[Start of Attachment]
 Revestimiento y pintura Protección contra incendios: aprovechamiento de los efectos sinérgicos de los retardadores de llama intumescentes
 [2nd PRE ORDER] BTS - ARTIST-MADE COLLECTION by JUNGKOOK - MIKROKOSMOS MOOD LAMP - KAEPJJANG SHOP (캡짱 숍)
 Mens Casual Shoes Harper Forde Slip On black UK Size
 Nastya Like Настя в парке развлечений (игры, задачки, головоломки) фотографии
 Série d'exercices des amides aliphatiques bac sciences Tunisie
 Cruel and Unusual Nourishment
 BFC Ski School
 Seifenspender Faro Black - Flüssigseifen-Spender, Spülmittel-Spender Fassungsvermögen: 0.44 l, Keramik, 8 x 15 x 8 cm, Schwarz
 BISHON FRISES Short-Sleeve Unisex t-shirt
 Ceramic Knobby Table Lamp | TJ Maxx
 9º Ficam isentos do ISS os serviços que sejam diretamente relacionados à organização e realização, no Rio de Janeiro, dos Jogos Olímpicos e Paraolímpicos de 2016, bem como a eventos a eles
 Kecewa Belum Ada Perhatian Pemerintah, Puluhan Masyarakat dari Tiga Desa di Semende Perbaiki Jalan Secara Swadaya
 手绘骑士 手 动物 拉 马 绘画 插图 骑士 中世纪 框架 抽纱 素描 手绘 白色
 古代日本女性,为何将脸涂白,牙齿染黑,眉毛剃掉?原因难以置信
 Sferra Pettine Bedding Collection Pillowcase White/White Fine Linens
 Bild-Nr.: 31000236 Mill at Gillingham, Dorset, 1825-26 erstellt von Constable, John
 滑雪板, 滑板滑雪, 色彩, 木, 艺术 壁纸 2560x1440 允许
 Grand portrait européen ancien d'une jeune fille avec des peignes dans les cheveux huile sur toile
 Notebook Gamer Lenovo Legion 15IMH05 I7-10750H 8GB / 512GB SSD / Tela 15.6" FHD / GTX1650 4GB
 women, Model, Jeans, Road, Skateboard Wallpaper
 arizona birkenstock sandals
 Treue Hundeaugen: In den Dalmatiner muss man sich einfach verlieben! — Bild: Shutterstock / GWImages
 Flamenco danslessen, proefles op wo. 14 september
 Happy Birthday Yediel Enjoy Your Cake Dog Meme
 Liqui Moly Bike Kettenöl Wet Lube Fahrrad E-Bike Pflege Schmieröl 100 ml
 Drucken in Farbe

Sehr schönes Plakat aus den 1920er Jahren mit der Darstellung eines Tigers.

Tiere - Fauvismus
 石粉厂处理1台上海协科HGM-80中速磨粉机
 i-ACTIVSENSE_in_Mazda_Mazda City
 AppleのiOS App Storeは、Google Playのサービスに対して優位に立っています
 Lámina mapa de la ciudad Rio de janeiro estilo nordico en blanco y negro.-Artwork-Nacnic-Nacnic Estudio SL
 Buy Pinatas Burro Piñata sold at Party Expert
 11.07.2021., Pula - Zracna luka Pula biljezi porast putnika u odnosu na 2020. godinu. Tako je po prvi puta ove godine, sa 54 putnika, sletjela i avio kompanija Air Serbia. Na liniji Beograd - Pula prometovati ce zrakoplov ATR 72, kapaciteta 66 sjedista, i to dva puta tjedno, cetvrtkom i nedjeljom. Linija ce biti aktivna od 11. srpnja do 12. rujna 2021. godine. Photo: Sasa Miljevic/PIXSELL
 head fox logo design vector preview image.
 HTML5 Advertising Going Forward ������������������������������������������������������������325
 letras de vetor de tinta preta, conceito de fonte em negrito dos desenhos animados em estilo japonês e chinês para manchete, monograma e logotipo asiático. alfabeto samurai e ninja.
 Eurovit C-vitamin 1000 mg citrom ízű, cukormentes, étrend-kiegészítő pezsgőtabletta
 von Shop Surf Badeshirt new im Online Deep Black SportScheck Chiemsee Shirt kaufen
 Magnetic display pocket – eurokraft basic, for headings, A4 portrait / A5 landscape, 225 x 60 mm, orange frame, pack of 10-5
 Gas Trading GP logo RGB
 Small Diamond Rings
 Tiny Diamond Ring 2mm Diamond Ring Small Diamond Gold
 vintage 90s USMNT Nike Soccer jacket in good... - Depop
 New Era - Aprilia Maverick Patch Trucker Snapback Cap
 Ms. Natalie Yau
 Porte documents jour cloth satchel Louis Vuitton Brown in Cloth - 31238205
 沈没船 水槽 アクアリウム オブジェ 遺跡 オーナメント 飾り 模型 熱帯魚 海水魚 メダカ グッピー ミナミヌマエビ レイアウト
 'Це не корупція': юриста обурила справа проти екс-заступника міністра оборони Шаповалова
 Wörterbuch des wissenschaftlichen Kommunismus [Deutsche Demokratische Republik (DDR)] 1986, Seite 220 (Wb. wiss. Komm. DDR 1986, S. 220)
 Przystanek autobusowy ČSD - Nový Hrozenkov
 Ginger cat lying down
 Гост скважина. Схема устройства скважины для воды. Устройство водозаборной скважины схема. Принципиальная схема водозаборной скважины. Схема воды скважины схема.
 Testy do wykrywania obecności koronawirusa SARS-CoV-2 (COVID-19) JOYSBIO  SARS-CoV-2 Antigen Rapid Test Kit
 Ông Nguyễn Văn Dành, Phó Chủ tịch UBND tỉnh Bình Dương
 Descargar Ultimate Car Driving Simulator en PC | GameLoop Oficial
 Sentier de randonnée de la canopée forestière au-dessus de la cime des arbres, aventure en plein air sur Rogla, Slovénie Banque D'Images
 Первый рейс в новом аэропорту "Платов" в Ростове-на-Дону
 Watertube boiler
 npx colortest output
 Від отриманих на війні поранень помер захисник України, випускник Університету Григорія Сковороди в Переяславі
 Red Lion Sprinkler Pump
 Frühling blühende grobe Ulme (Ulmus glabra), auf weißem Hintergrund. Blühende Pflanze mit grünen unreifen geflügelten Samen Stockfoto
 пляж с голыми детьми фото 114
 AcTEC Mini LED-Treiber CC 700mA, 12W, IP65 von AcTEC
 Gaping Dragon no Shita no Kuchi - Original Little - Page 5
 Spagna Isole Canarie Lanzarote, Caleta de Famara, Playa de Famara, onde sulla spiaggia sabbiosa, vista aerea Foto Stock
[End of Attachment]
## PROMPT
Generate a verbatim printout of all the entries.

## EXERCISE ANSWER
 Revestimiento y pintura Protección contra incendios: aprovechamiento de los efectos sinérgicos de los retardadores de llama intumescentes
 [2nd PRE ORDER] BTS - ARTIST-MADE COLLECTION by JUNGKOOK - MIKROKOSMOS MOOD LAMP - KAEPJJANG SHOP (캡짱 숍)
 Mens Casual Shoes Harper Forde Slip On black UK Size
 Nastya Like Настя в парке развлечений (игры, задачки, головоломки) фотографии
 Série d'exercices des amides aliphatiques bac sciences Tunisie
 Cruel and Unusual Nourishment
 BFC Ski School
 Seifenspender Faro Black - Flüssigseifen-Spender, Spülmittel-Spender Fassungsvermögen: 0.44 l, Keramik, 8 x 15 x 8 cm, Schwarz
 BISHON FRISES Short-Sleeve Unisex t-shirt
 Ceramic Knobby Table Lamp | TJ Maxx
 9º Ficam isentos do ISS os serviços que sejam diretamente relacionados à organização e realização, no Rio de Janeiro, dos Jogos Olímpicos e Paraolímpicos de 2016, bem como a eventos a eles
 Kecewa Belum Ada Perhatian Pemerintah, Puluhan Masyarakat dari Tiga Desa di Semende Perbaiki Jalan Secara Swadaya
 手绘骑士 手 动物 拉 马 绘画 插图 骑士 中世纪 框架 抽纱 素描 手绘 白色
 古代日本女性,为何将脸涂白,牙齿染黑,眉毛剃掉?原因难以置信
 Sferra Pettine Bedding Collection Pillowcase White/White Fine Linens
 Bild-Nr.: 31000236 Mill at Gillingham, Dorset, 1825-26 erstellt von Constable, John
 滑雪板, 滑板滑雪, 色彩, 木, 艺术 壁纸 2560x1440 允许
 Grand portrait européen ancien d'une jeune fille avec des peignes dans les cheveux huile sur toile
 Notebook Gamer Lenovo Legion 15IMH05 I7-10750H 8GB / 512GB SSD / Tela 15.6" FHD / GTX1650 4GB
 women, Model, Jeans, Road, Skateboard Wallpaper
 arizona birkenstock sandals
 Treue Hundeaugen: In den Dalmatiner muss man sich einfach verlieben! — Bild: Shutterstock / GWImages
 Flamenco danslessen, proefles op wo. 14 september
 Happy Birthday Yediel Enjoy Your Cake Dog Meme
 Liqui Moly Bike Kettenöl Wet Lube Fahrrad E-Bike Pflege Schmieröl 100 ml
 Drucken in Farbe

Sehr schönes Plakat aus den 1920er Jahren mit der Darstellung eines Tigers.

Tiere - Fauvismus
 石粉厂处理1台上海协科HGM-80中速磨粉机
 i-ACTIVSENSE_in_Mazda_Mazda City
 AppleのiOS App Storeは、Google Playのサービスに対して優位に立っています
 Lámina mapa de la ciudad Rio de janeiro estilo nordico en blanco y negro.-Artwork-Nacnic-Nacnic Estudio SL
 Buy Pinatas Burro Piñata sold at Party Expert
 11.07.2021., Pula - Zracna luka Pula biljezi porast putnika u odnosu na 2020. godinu. Tako je po prvi puta ove godine, sa 54 putnika, sletjela i avio kompanija Air Serbia. Na liniji Beograd - Pula prometovati ce zrakoplov ATR 72, kapaciteta 66 sjedista, i to dva puta tjedno, cetvrtkom i nedjeljom. Linija ce biti aktivna od 11. srpnja do 12. rujna 2021. godine. Photo: Sasa Miljevic/PIXSELL
 head fox logo design vector preview image.
 HTML5 Advertising Going Forward ������������������������������������������������������������325
 letras de vetor de tinta preta, conceito de fonte em negrito dos desenhos animados em estilo japonês e chinês para manchete, monograma e logotipo asiático. alfabeto samurai e ninja.
 Eurovit C-vitamin 1000 mg citrom ízű, cukormentes, étrend-kiegészítő pezsgőtabletta
 von Shop Surf Badeshirt new im Online Deep Black SportScheck Chiemsee Shirt kaufen
 Magnetic display pocket – eurokraft basic, for headings, A4 portrait / A5 landscape, 225 x 60 mm, orange frame, pack of 10-5
 Gas Trading GP logo RGB
 Small Diamond Rings
 Tiny Diamond Ring 2mm Diamond Ring Small Diamond Gold
 vintage 90s USMNT Nike Soccer jacket in good... - Depop
 New Era - Aprilia Maverick Patch Trucker Snapback Cap
 Ms. Natalie Yau
 Porte documents jour cloth satchel Louis Vuitton Brown in Cloth - 31238205
 沈没船 水槽 アクアリウム オブジェ 遺跡 オーナメント 飾り 模型 熱帯魚 海水魚 メダカ グッピー ミナミヌマエビ レイアウト
 'Це не корупція': юриста обурила справа проти екс-заступника міністра оборони Шаповалова
 Wörterbuch des wissenschaftlichen Kommunismus [Deutsche Demokratische Republik (DDR)] 1986, Seite 220 (Wb. wiss. Komm. DDR 1986, S. 220)
 Przystanek autobusowy ČSD - Nový Hrozenkov
 Ginger cat lying down
 Гост скважина. Схема устройства скважины для воды. Устройство водозаборной скважины схема. Принципиальная схема водозаборной скважины. Схема воды скважины схема.
 Testy do wykrywania obecności koronawirusa SARS-CoV-2 (COVID-19) JOYSBIO  SARS-CoV-2 Antigen Rapid Test Kit
 Ông Nguyễn Văn Dành, Phó Chủ tịch UBND tỉnh Bình Dương
 Descargar Ultimate Car Driving Simulator en PC | GameLoop Oficial
 Sentier de randonnée de la canopée forestière au-dessus de la cime des arbres, aventure en plein air sur Rogla, Slovénie Banque D'Images
 Первый рейс в новом аэропорту "Платов" в Ростове-на-Дону
 Watertube boiler
 npx colortest output
 Від отриманих на війні поранень помер захисник України, випускник Університету Григорія Сковороди в Переяславі
 Red Lion Sprinkler Pump
 Frühling blühende grobe Ulme (Ulmus glabra), auf weißem Hintergrund. Blühende Pflanze mit grünen unreifen geflügelten Samen Stockfoto
 пляж с голыми детьми фото 114
 AcTEC Mini LED-Treiber CC 700mA, 12W, IP65 von AcTEC
 Gaping Dragon no Shita no Kuchi - Original Little - Page 5
 Spagna Isole Canarie Lanzarote, Caleta de Famara, Playa de Famara, onde sulla spiaggia sabbiosa, vista aerea Foto Stock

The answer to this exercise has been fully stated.